Key Takeaways
Validator exits now exceed 694k ETH, while over 6 million ETH is permanently removed from supply via burns and lost keys, tightening the float just as ETH eyes a breakout.
Ethereum [ETH] is retesting a key resistance level. It is the same zone that triggered an 8.5% flush to $3,531 last week.
Under the hood, staking flows are showing signs of stress. The Validator Exit Queue has swelled to 694,106 ETH, while entry demand trails behind, resulting in a net staking outflow of 473,151 ETH.
Meanwhile, Open Interest is ticking higher, with Binance’s OI pushing back up to $15 billion.
With stakes this high, is ETH about to replay last week’s flush, or does this become the backdrop for a supply squeeze toward the $4,000 handle?
ETH at resistance with no panic in sight
Technically, Ethereum’s 1D chart showed price retesting the $3,800 resistance. In fact, it’s the same level that triggered a rejection last week after a sharp 50% rally off the June lows.
Despite the pullback, the structure held. There were no signs of panic or forced selling, suggesting investors didn’t flinch.
Why does this matter?
Because the move wasn’t about ETH weakness. Instead, it was a dominance-driven rotation.
BTC.D bounced 2.5% off its 60.43% local low, flipping the ETH/BTC ratio back into a downtrend and compressing ETH.D back to 11.30%.


Source: TradingView (ETH.D)
Therefore, unless this technical divergence re-emerges, ETH remains technically positioned to reclaim the $3,800 supply zone. In turn, flipping it into a breakout base for a bullish expansion toward cycle highs.
However, if Bitcoin [BTC] Dominance surges again, capital rotation might resume. That would test ETH’s relative strength—and possibly trigger a deeper pullback.
Locked ETH + rising exits = supply crunch?
No doubt, on the demand side, Ethereum continued to show strong tailwinds. Investor conviction remains intact, with positioning holding firm through local volatility.
But the implications go beyond short-term price action. Based on smart contract audits, over 913,000 ETH is permanently inaccessible, totaling $3.43 billion in value.
This includes funds lost in multi-sig freezes, burned wallets, contract bugs, and even typo errors.

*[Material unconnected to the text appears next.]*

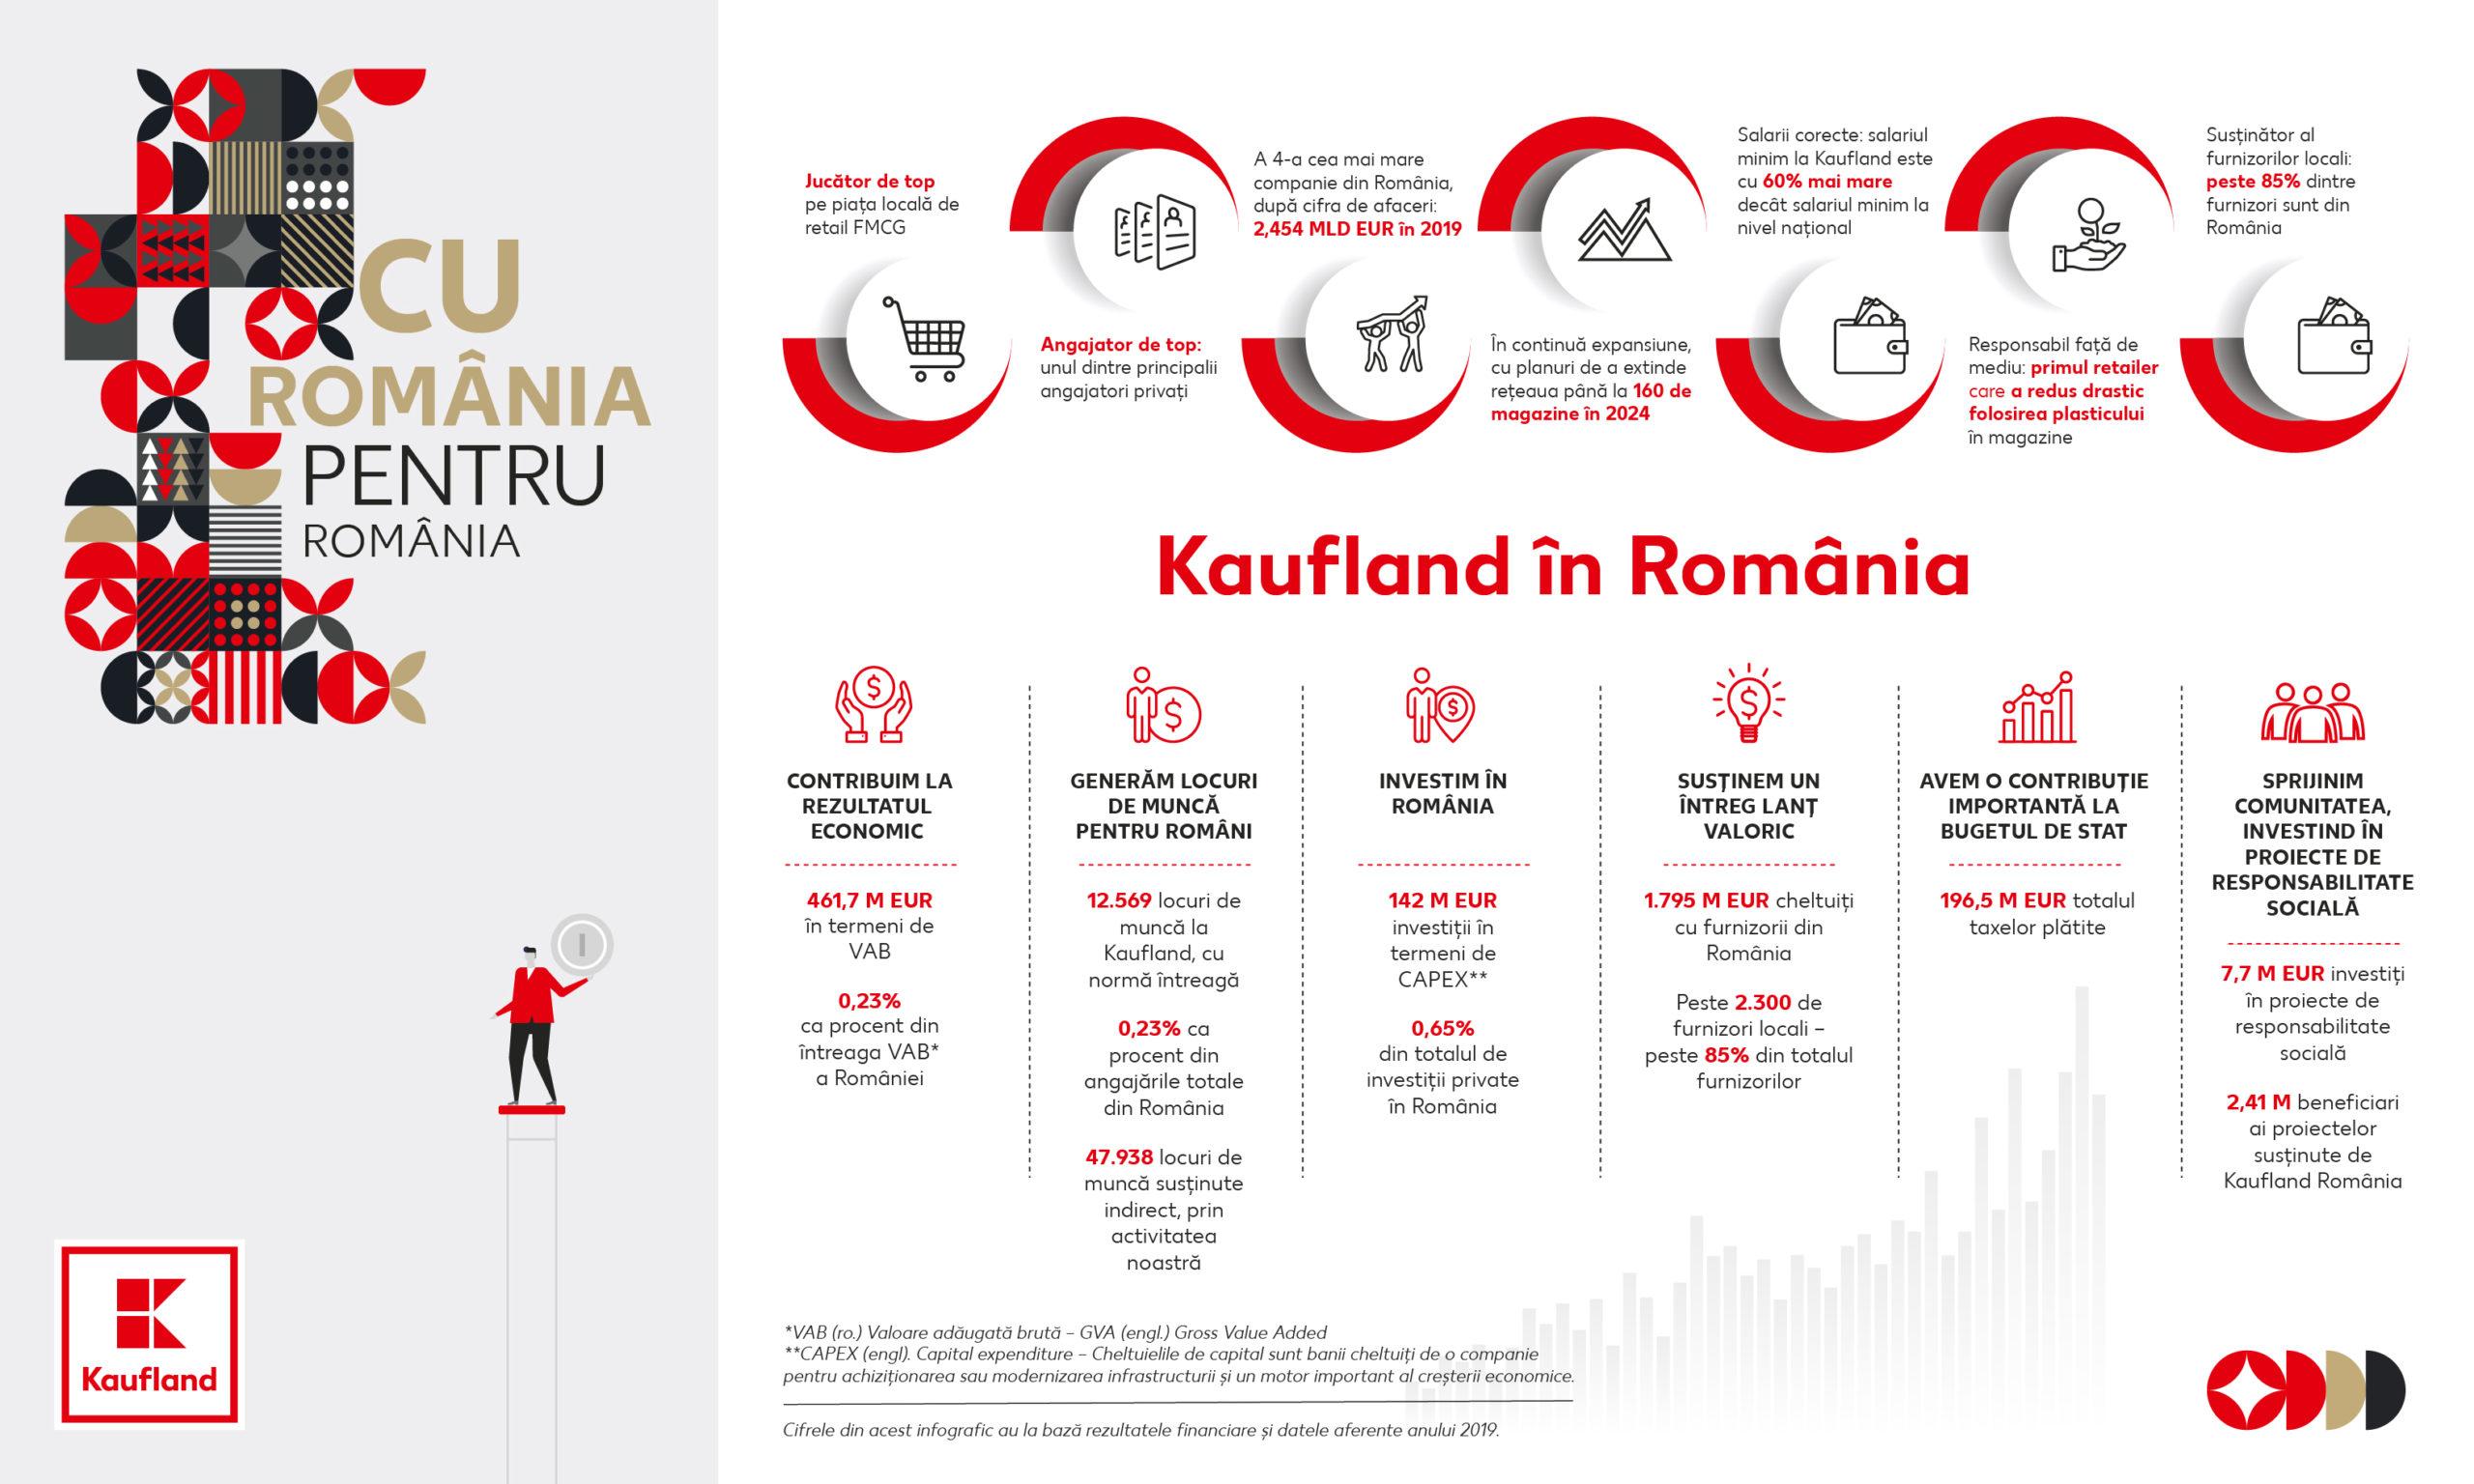 """Kaufland prezintă raportul """"Cu România, pentru România"""": 85% din produsele de la raft sunt româneşti; investiții de 40 de milioane de lei în programe de educație, sănătate, sport, cultură și de protecție a mediului"""

In fact, when combined with 5.3 million ETH burned via EIP‑1559, more than 5% of Ethereum’s total issuance has been effectively removed from circulation, reinforcing Ethereum’s scarcity narrative.


Source: X
Now combine that with rising staking exits (+473k ETH), a 12-day Validator Exit Queue, and $50 billion in Open Interest. Circulating supply available for futures or margin trades is thinning fast.
So if dominance rotation cools and demand sticks around, Ethereum flipping $3,800 could be more than a bounce, it could be the start of something much bigger.